::: Records shown
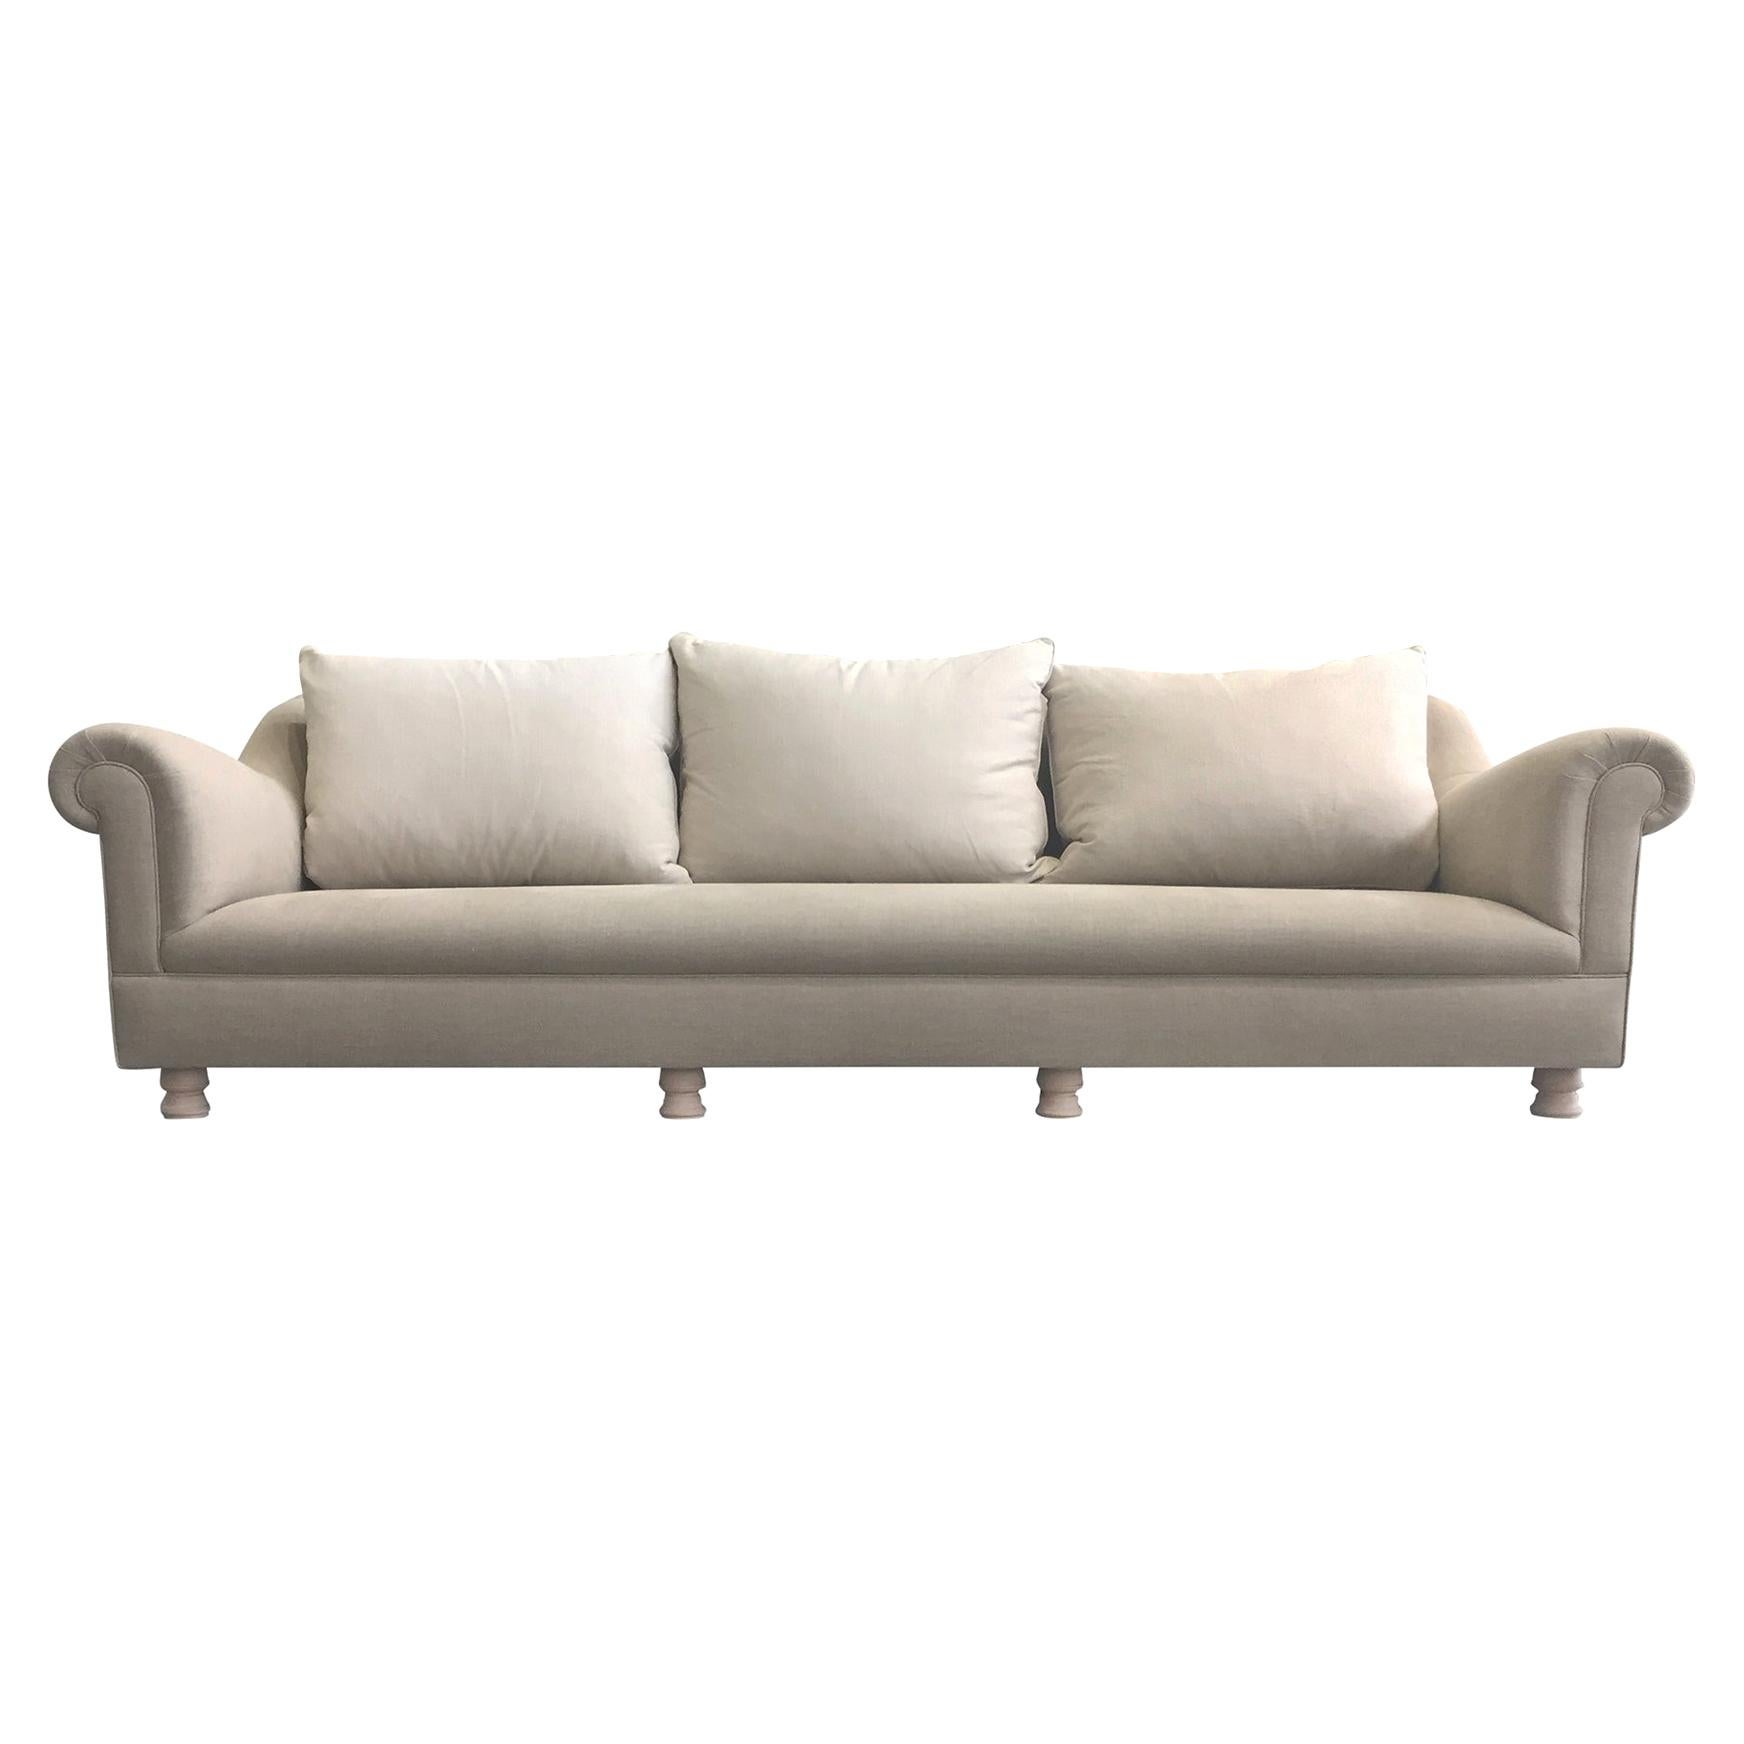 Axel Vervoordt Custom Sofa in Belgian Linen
::::::
::: Records shown
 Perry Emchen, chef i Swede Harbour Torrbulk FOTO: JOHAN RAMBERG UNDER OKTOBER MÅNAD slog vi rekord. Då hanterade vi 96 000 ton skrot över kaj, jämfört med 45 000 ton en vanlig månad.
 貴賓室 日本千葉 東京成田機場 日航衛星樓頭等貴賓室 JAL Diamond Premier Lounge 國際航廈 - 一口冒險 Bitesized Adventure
::::::
Directions for this task:
Using the data above, reproduce exactly the lines from the line that contains "Perry Emchen, chef" through the line that contains "貴賓室 日本千葉 東京成田機場", including both.

Written solution:
 Perry Emchen, chef i Swede Harbour Torrbulk FOTO: JOHAN RAMBERG UNDER OKTOBER MÅNAD slog vi rekord. Då hanterade vi 96 000 ton skrot över kaj, jämfört med 45 000 ton en vanlig månad.
 貴賓室 日本千葉 東京成田機場 日航衛星樓頭等貴賓室 JAL Diamond Premier Lounge 國際航廈 - 一口冒險 Bitesized Adventure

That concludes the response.